Das Coaching folgt dabei einer wissenschaftlich begründeten Dramaturgie, die den im Buchtitel anklingenden Prozessfragen nachgeht.

 

    1. Wer bin ich?
      In der Biographiearbeit wird herausgearbeitet, wie eine Person zu der Person geworden ist, die sie jetzt ist. Es wird nach den Quellen gesucht, „aus denen die Person ihr Selbstwertgefühl bezieht“ (S.56).
    2. Was kann ich?
      Es wird eine Bestandsaufnahme erstellt, was der/die Coachee bereits alles getan und bewirkt hat. Es werden Übereinstimmungen und Parallelen in verschiedenen (beruflichen) Situationen erforscht, Zusammenhänge hergestellt und individuelle Handlungsfolgen analysiert.
    3. Was will ich?
      Im letzten Schritt geht es um konkretes Tun, darum ins Machen, ins Handeln zu kommen. Dieser Schritt wird vorbereitet. Tun muss ihn der/die Coachee anschließend selbst. 

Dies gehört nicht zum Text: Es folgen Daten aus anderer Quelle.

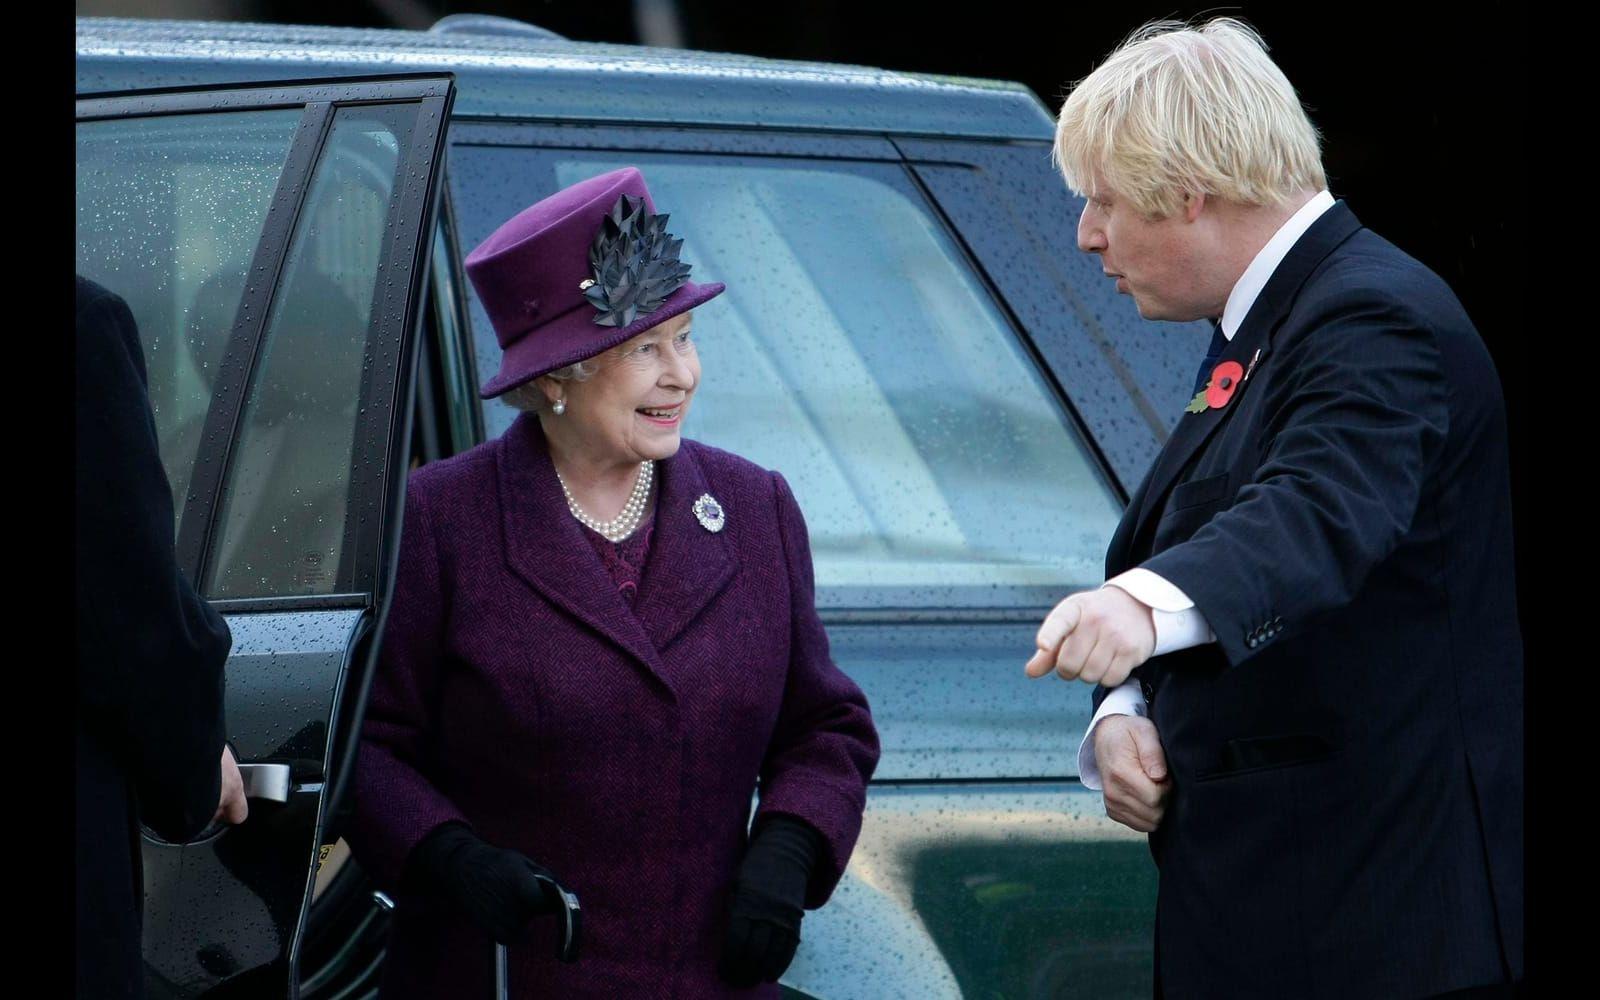 2008: Boris Johnson tvingades be om offentlig ursäkt sedan han sagt att drottningen Elizabeth  reser runt i samväldet och möts av "flag-waving piccaninnies”. Det senare ett nedsättande ord för mörkhyade barn. Foto: Stella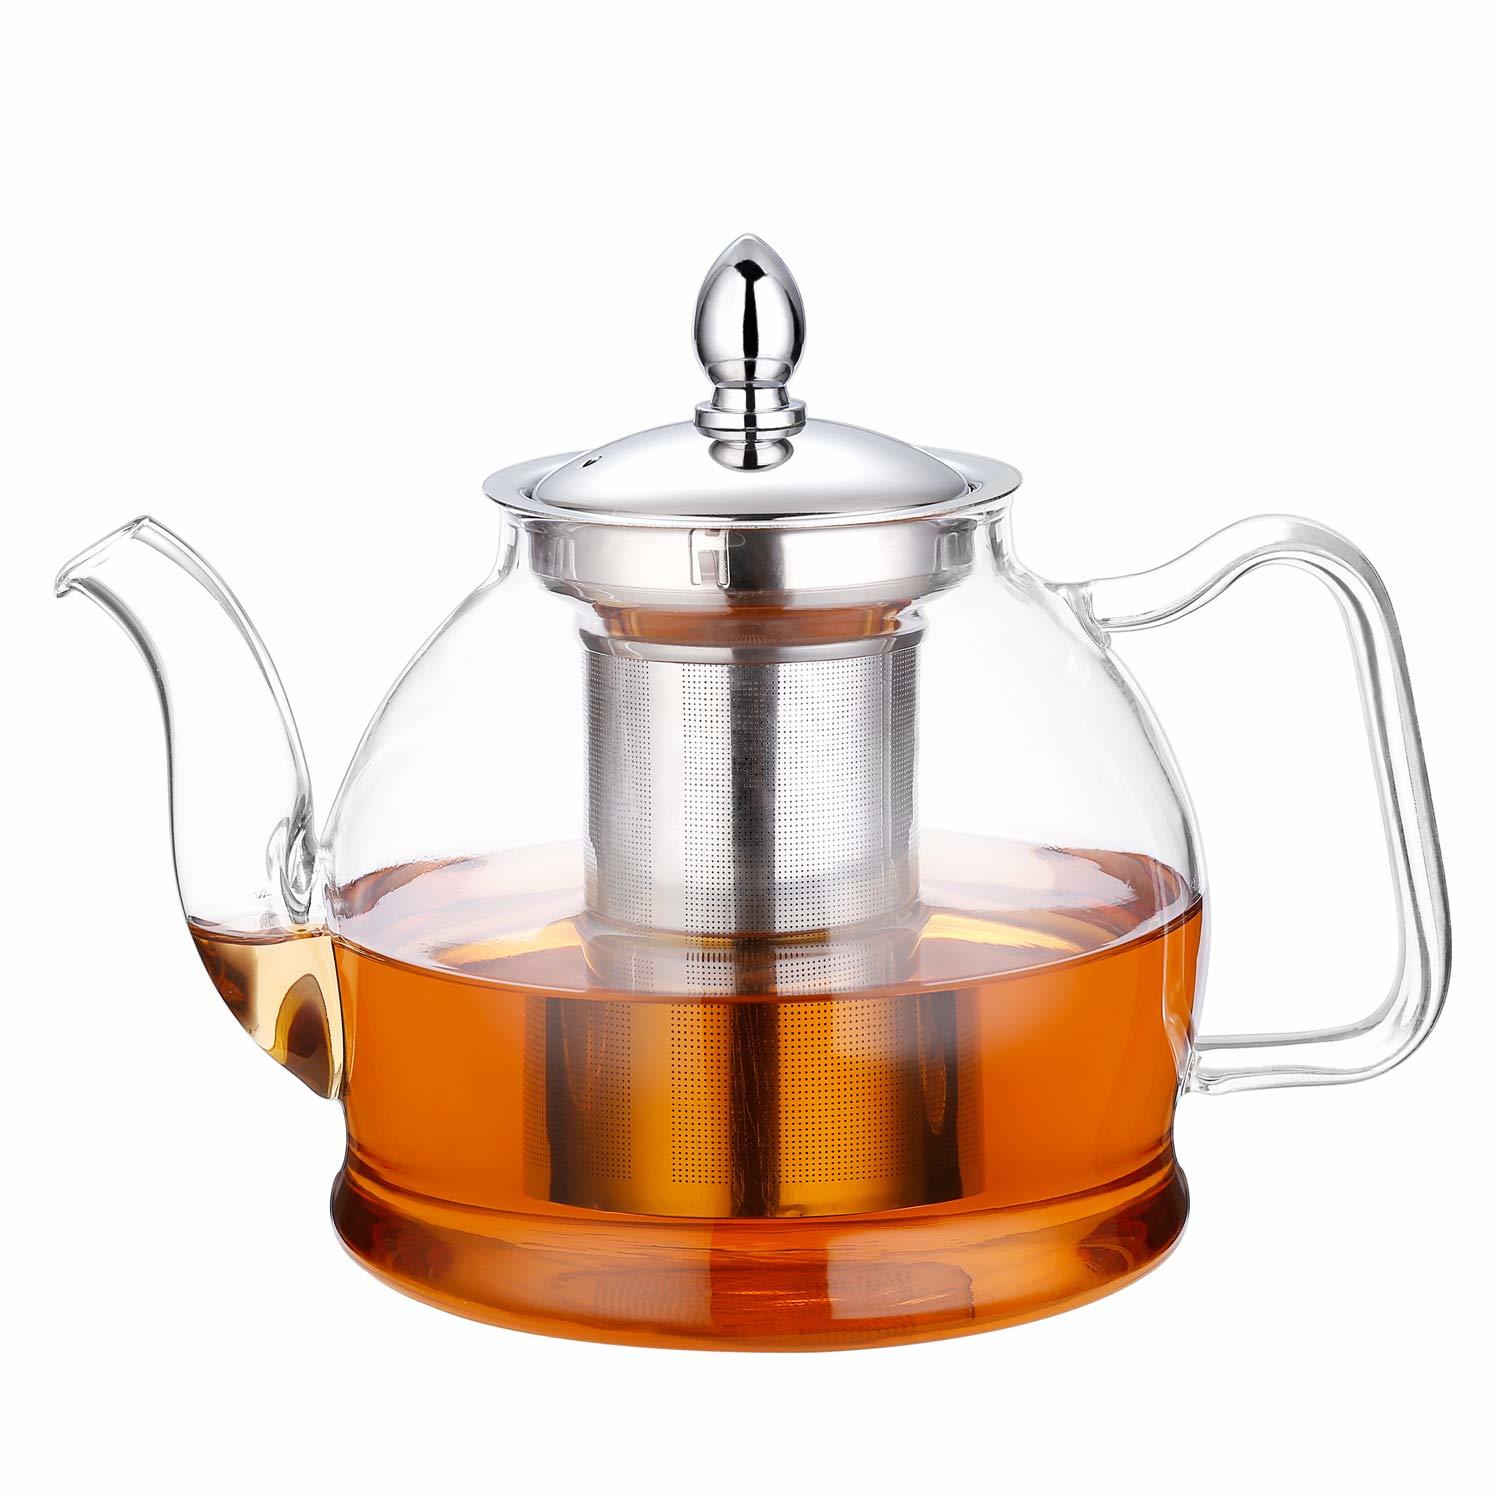 https://thebrooklynrefinery.com/wp-content/uploads/2019/10/Glass-Teapot.jpg

Die Kompetenzenbilanz stellt damit einen Rahmen für selbstorganisiertes (lebenslanges) Lernen zur Verfügung.

 

Konsequenzen für die Berufsorientierung in der Schule

Will man Schüler und Schülerinnen gut auf die Arbeitswelt vorbereiten, müssen ihnen viel mehr Möglichkeiten geboten werden, sich selbst kennen zu lernen und auszuprobieren. Das passiert (noch) viel zu wenig in Praktika, Service Learning Konstrukten, Projektarbeiten sowie Unterrichtskonzepten und Curricula wie z.B. Social Entrepreneurship Education und der damit oft verbundenen Gründung von Schülerfirmen. Für derartige Lernformen ist viel zu wenig Platz in den Lehrplänen. Die Lernchancen wären dagegen ungeheuer groß. Im konkreten Tun miteinander machen die jungen Personen Erfahrungen mit sich selbst und den anderen. Die wichtigen und von vielen Stellen eingeforderten Zukunftskills könnten so gleichsam „spielerisch“ erworben werden.